| Your assignment |
Return the following data exactly, with all pictures left out.

| Data provided |
+ + + +
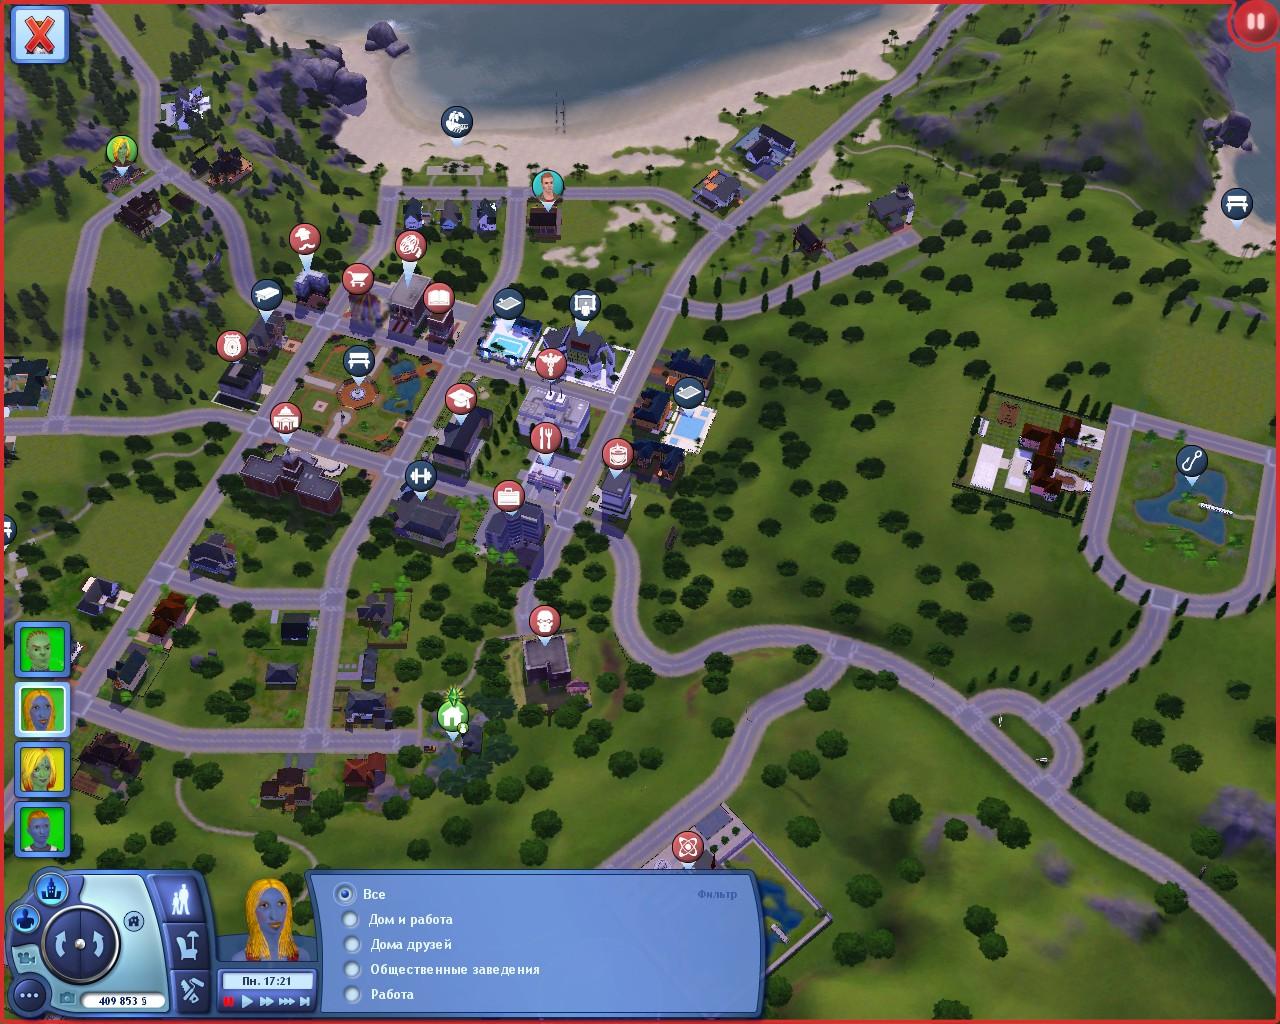 """Как создавать свой город в """"Симс 3"""" без проблем?"""
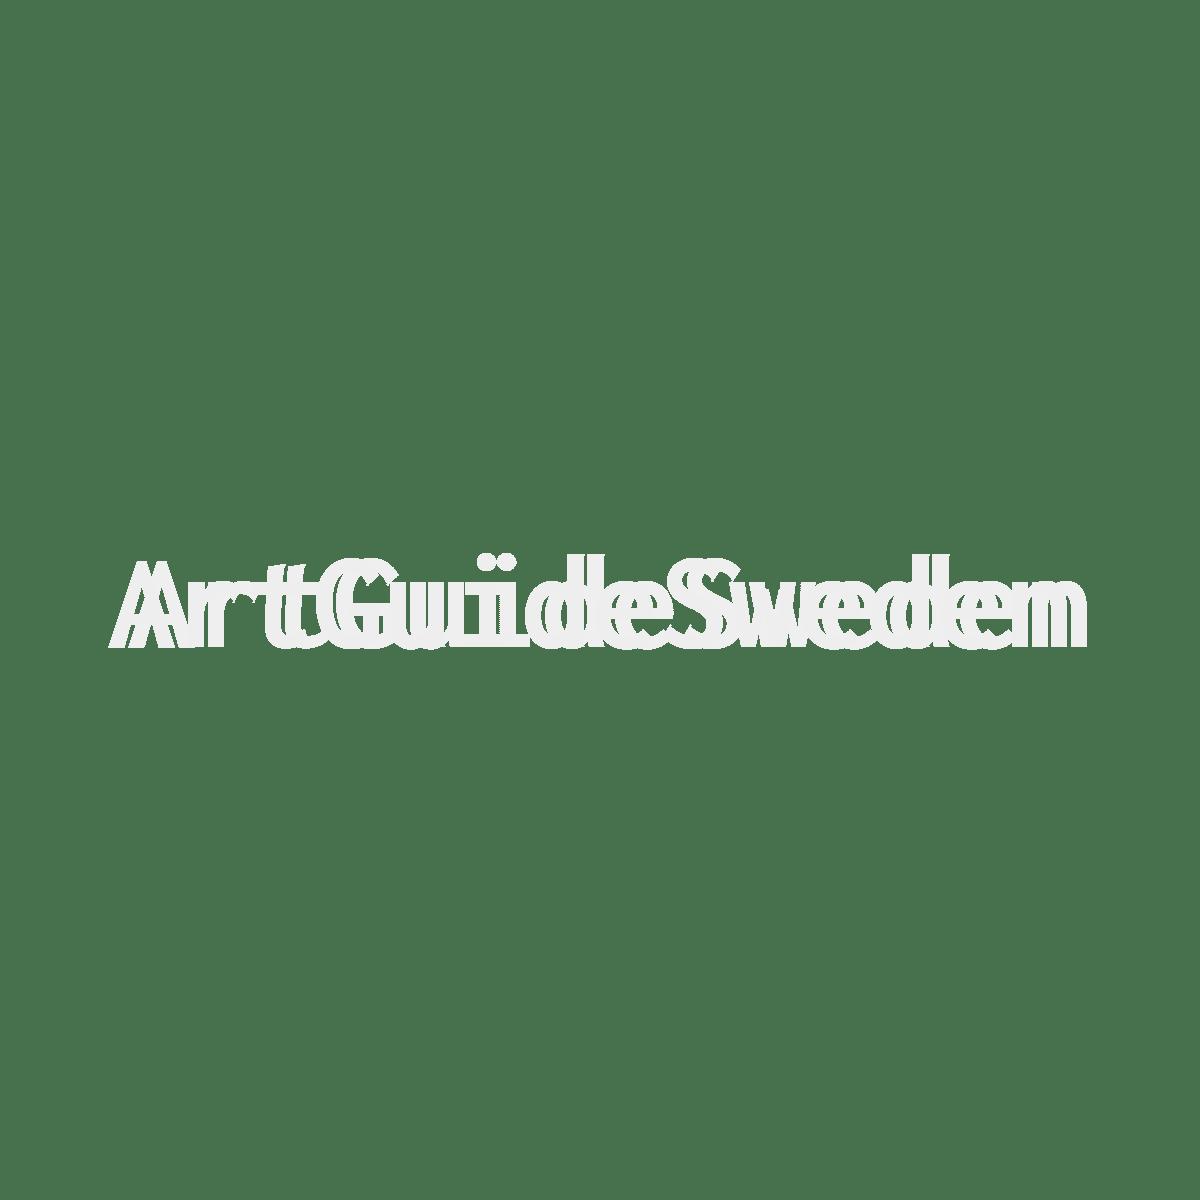 Art Guide Sweden - Ladda upp och dela din konst
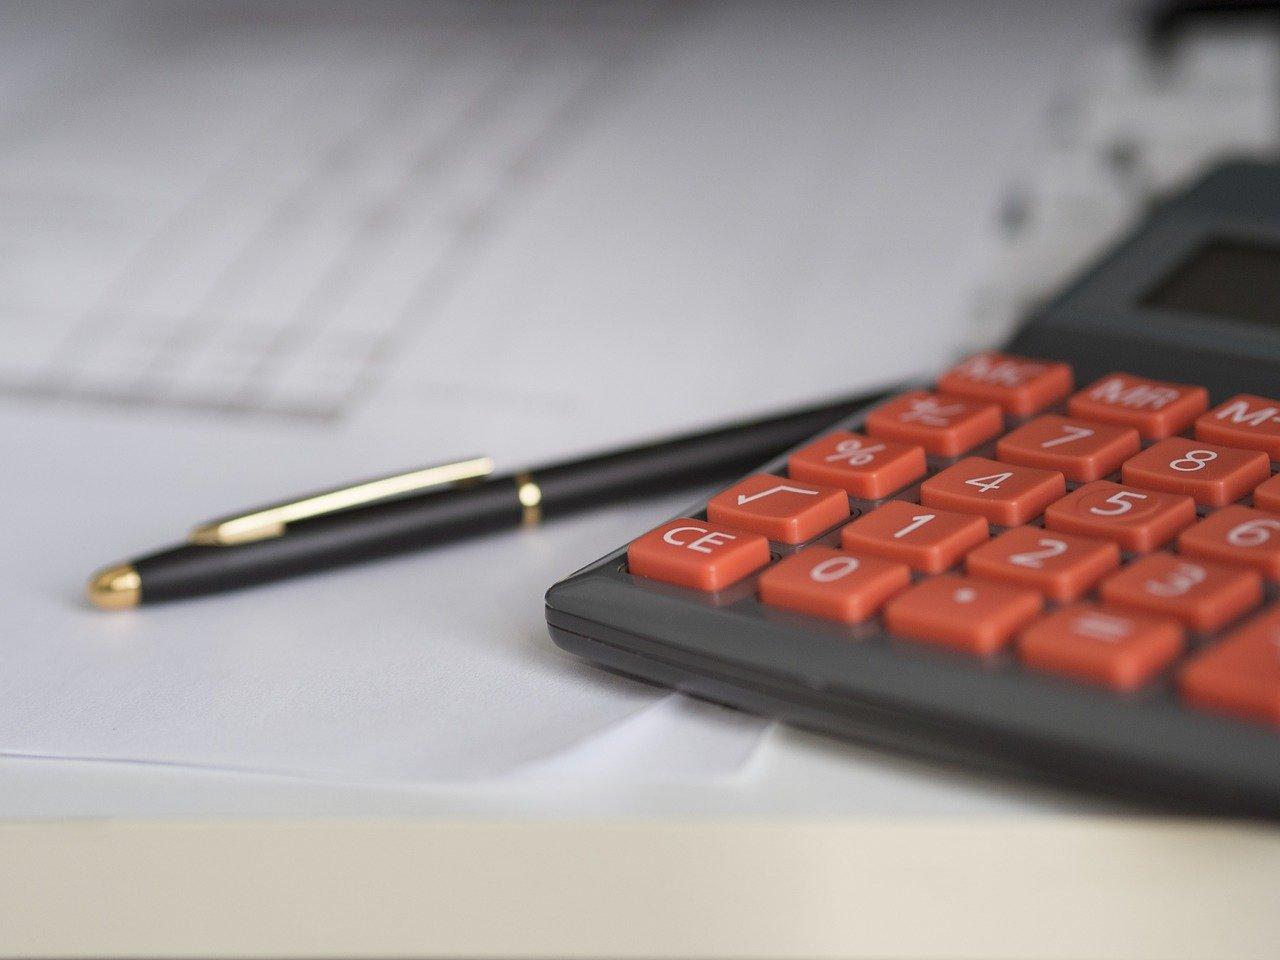 Taxa de Custódia: o que é e como é cobrada essa taxa?
+ + + +
| Output for this exercise |
 """Как создавать свой город в """"Симс 3"""" без проблем?"""
 Art Guide Sweden - Ladda upp och dela din konst
 Taxa de Custódia: o que é e como é cobrada essa taxa?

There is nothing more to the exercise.